■ What to do ■
All lines below between the line with "Studentët e UBT-së" and the line with "Palisades Center bridal", including both, must be copied exactly, and the pictures must be omitted.

■ Input data ■
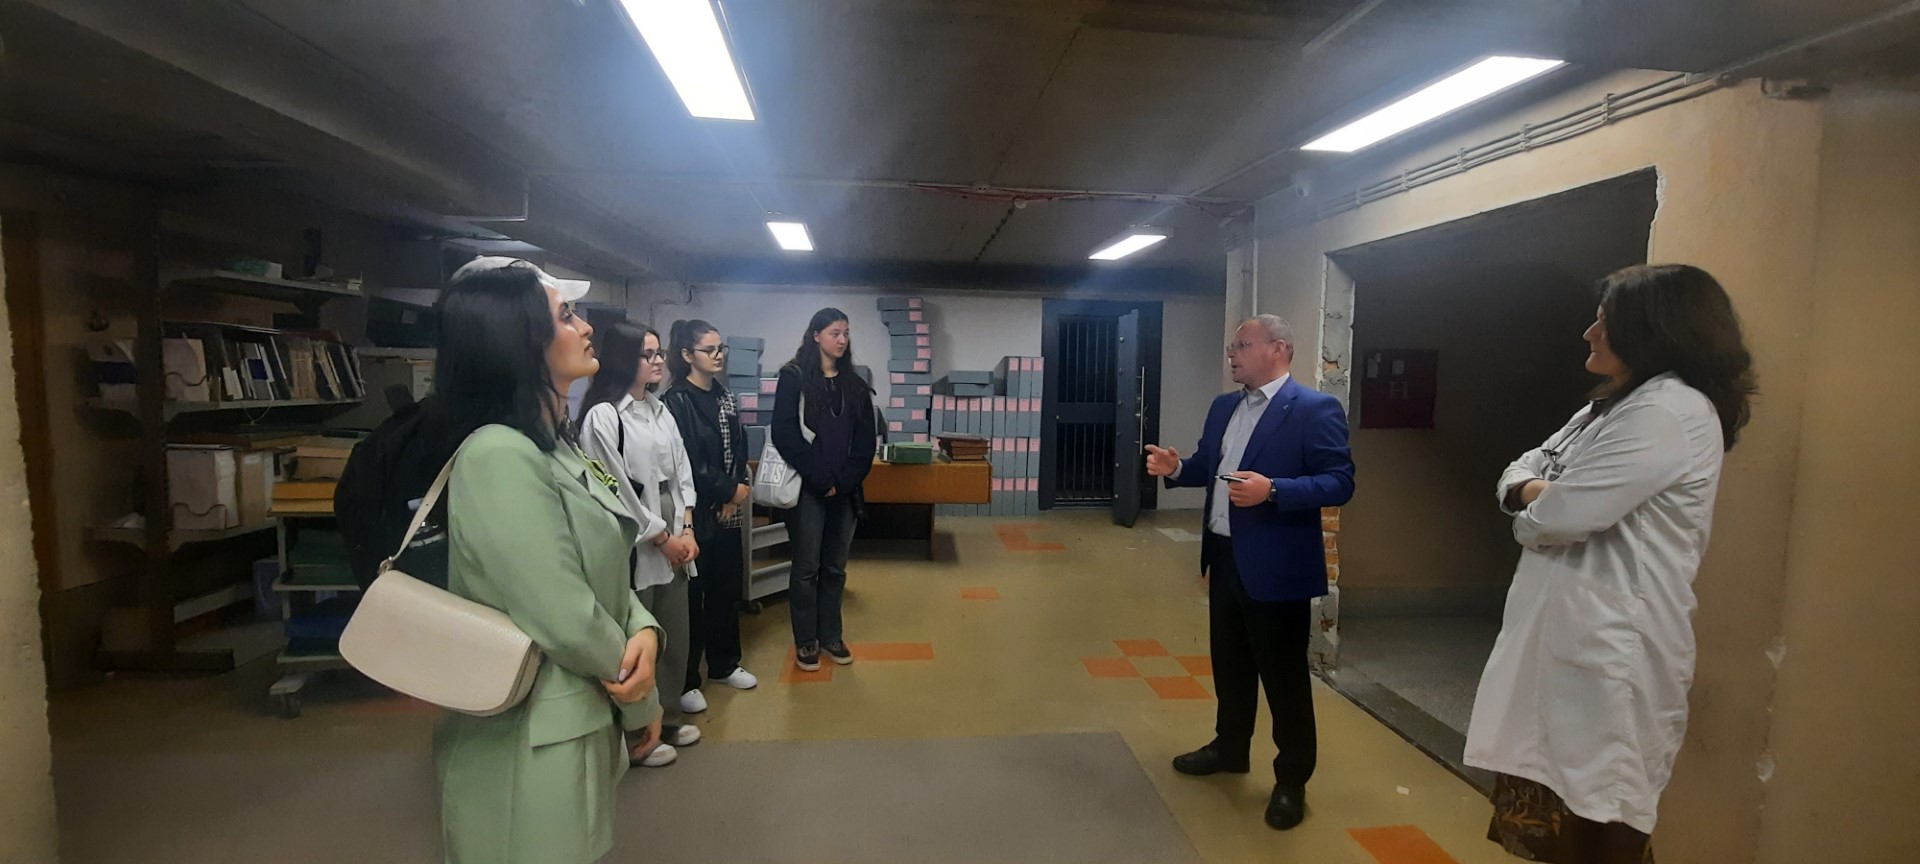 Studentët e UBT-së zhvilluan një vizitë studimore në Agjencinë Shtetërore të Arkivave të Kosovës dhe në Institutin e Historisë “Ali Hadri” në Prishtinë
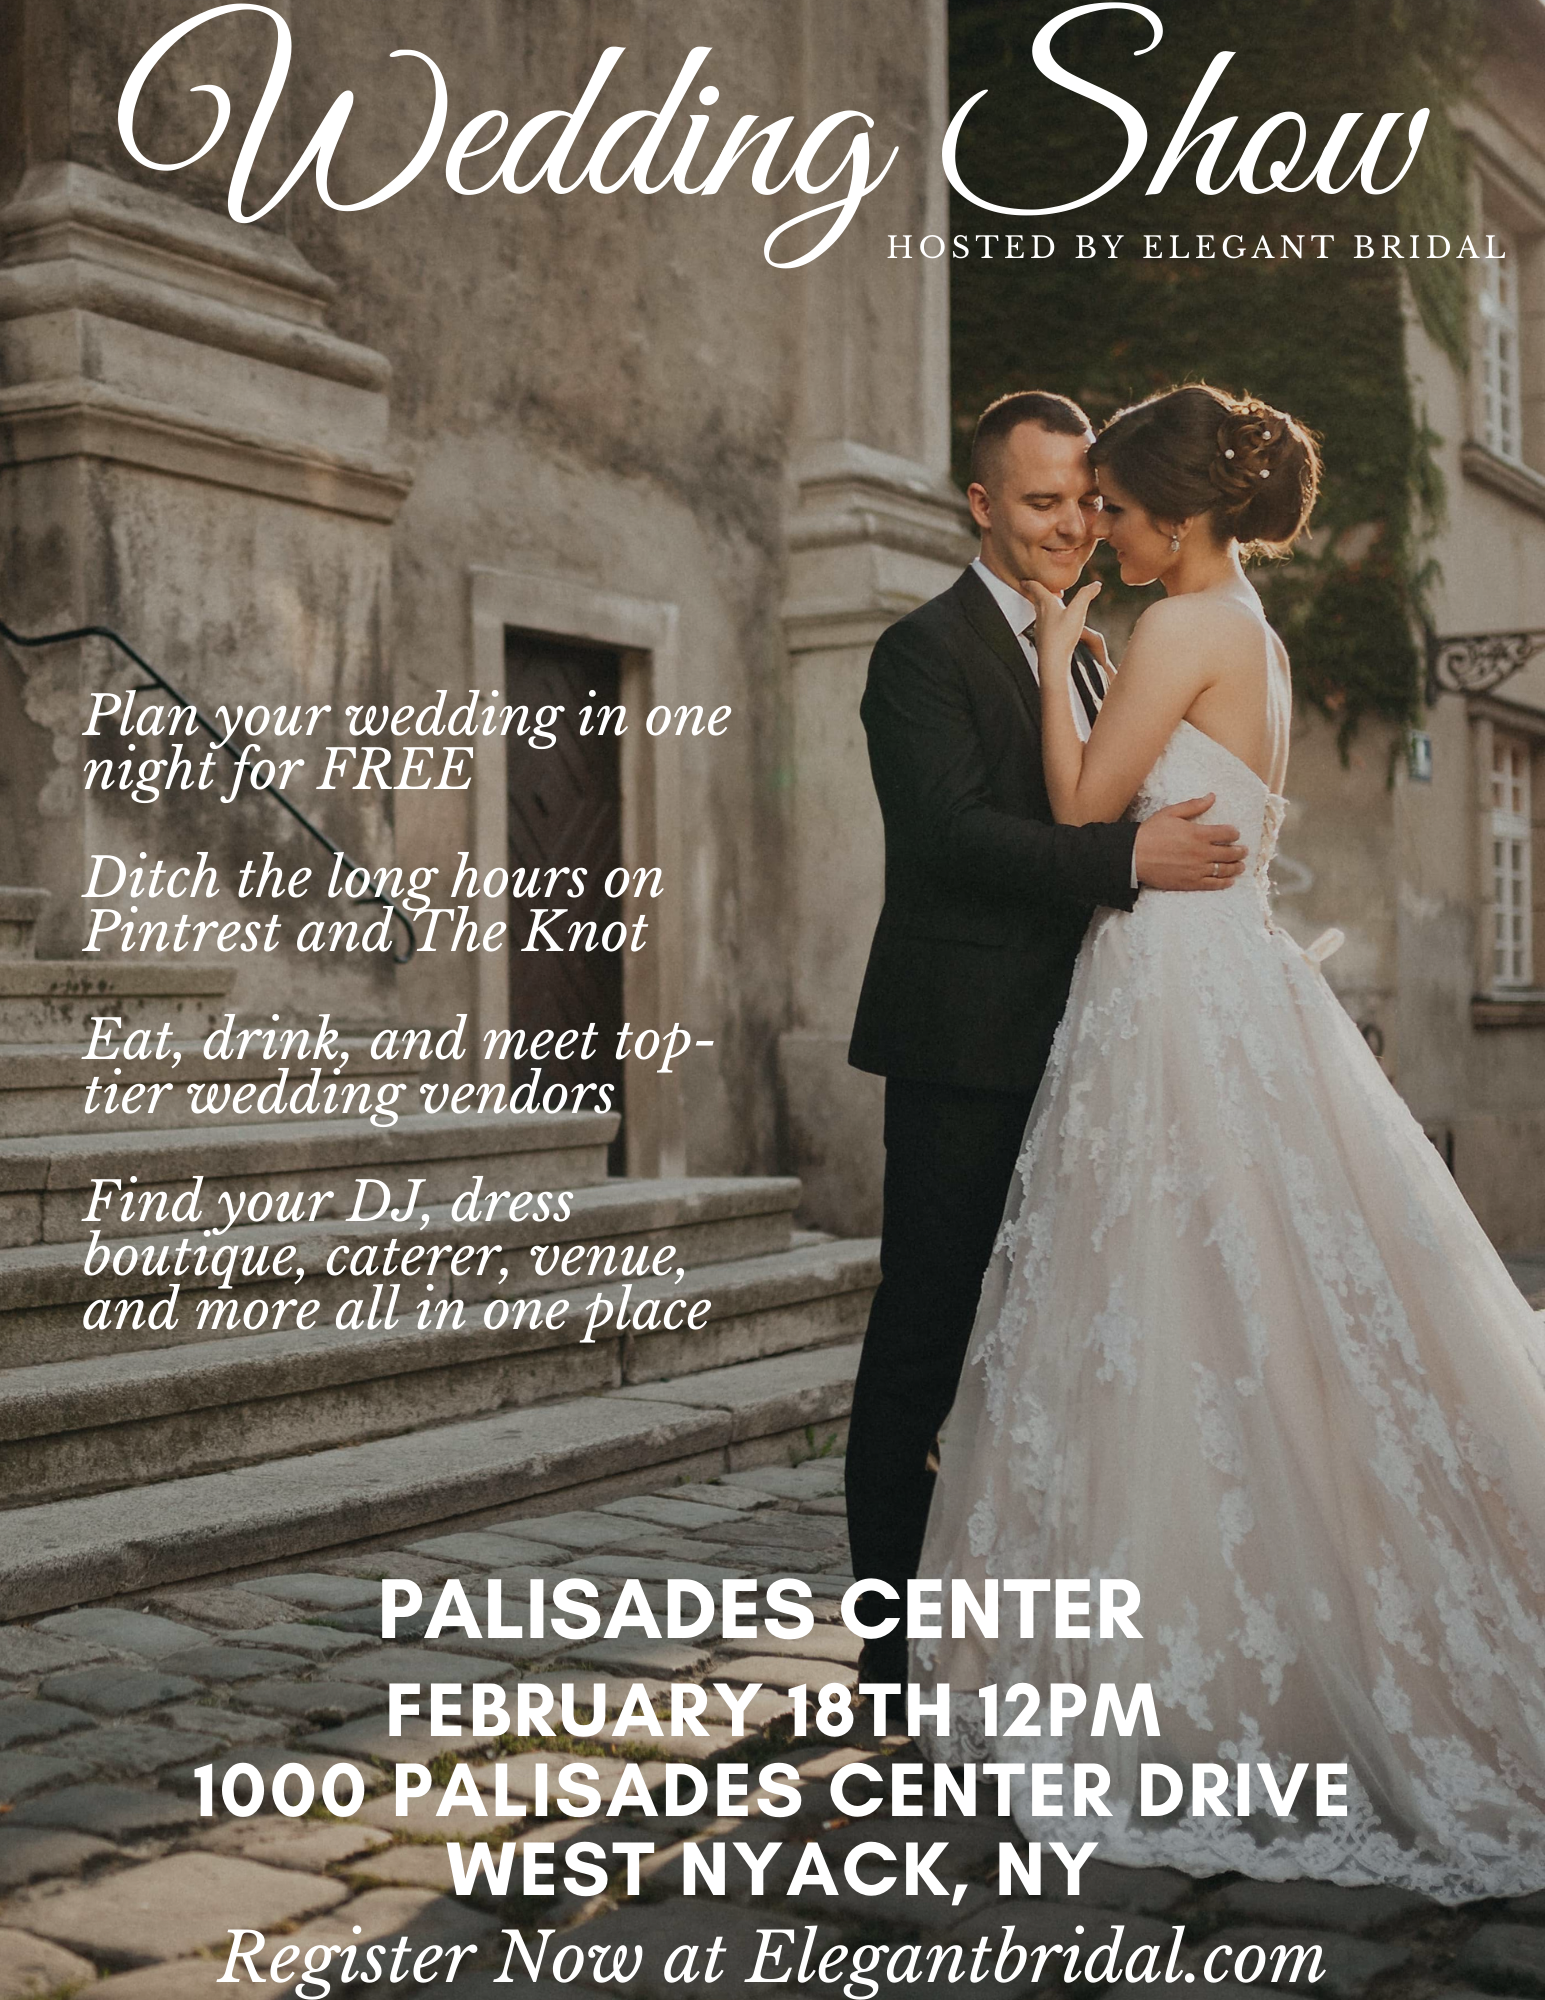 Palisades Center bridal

--

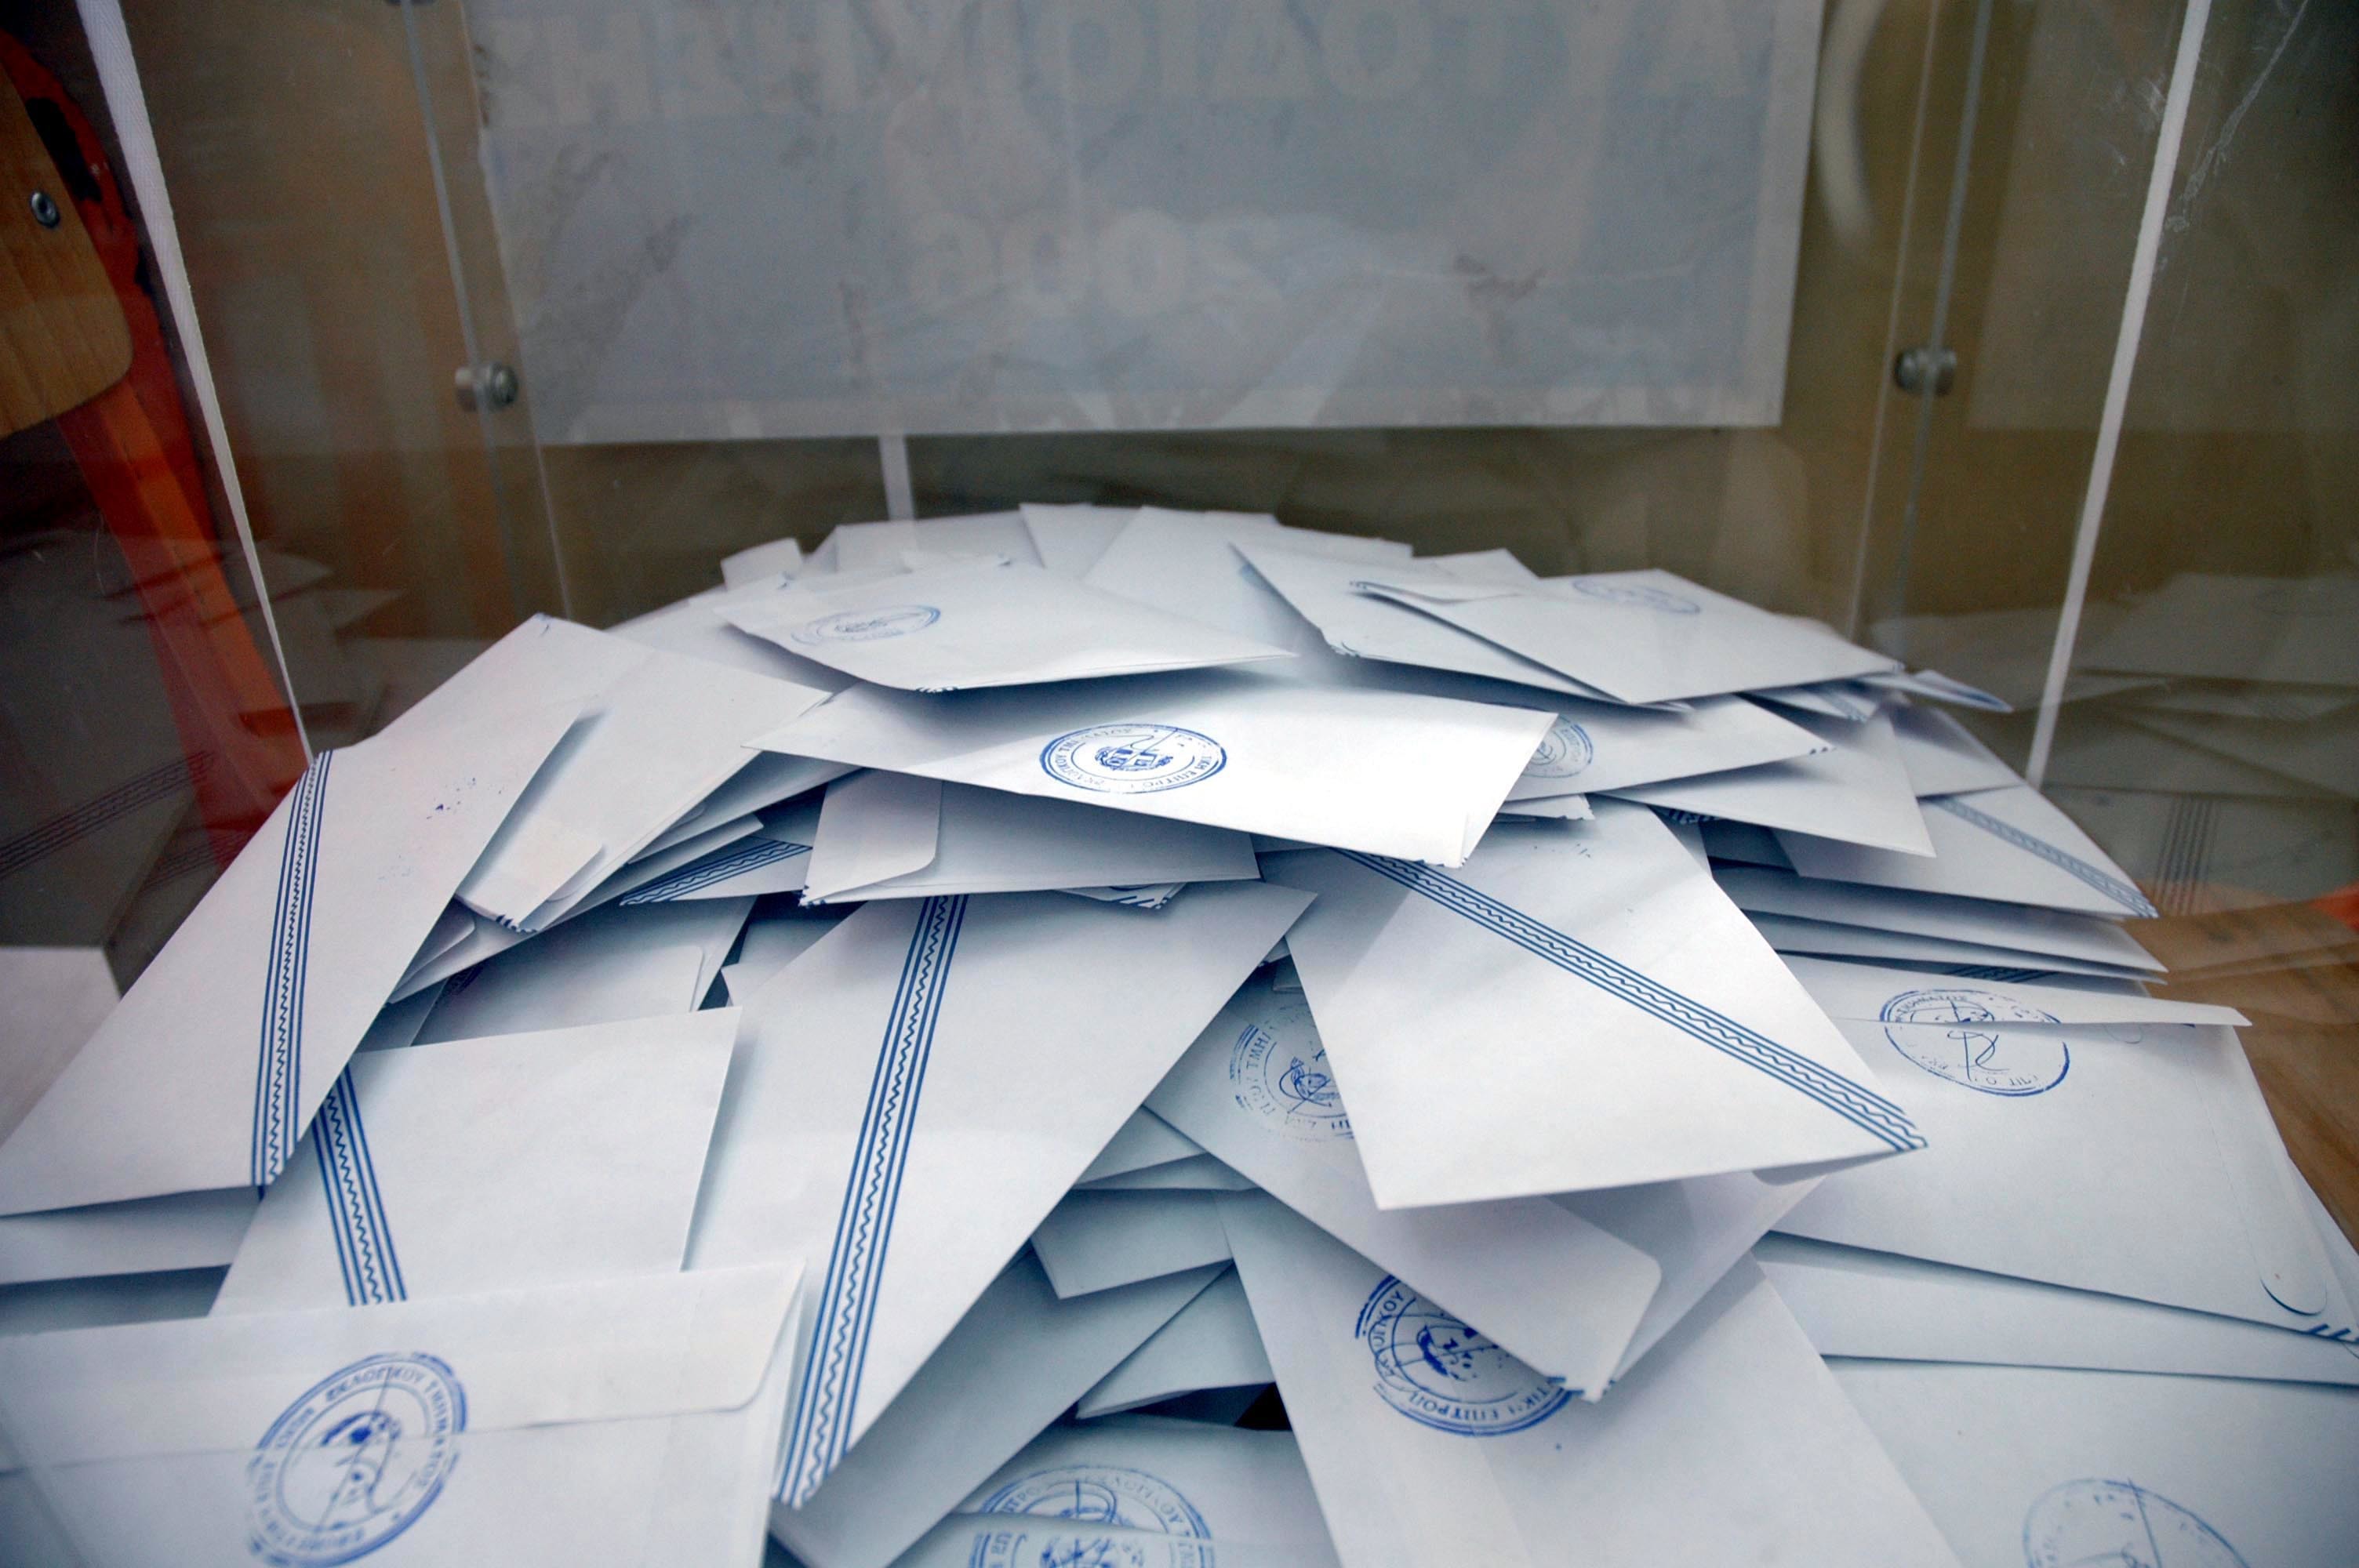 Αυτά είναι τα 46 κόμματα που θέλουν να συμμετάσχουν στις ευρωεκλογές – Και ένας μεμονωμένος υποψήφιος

■ Response ■
 Studentët e UBT-së zhvilluan një vizitë studimore në Agjencinë Shtetërore të Arkivave të Kosovës dhe në Institutin e Historisë “Ali Hadri” në Prishtinë
 Palisades Center bridal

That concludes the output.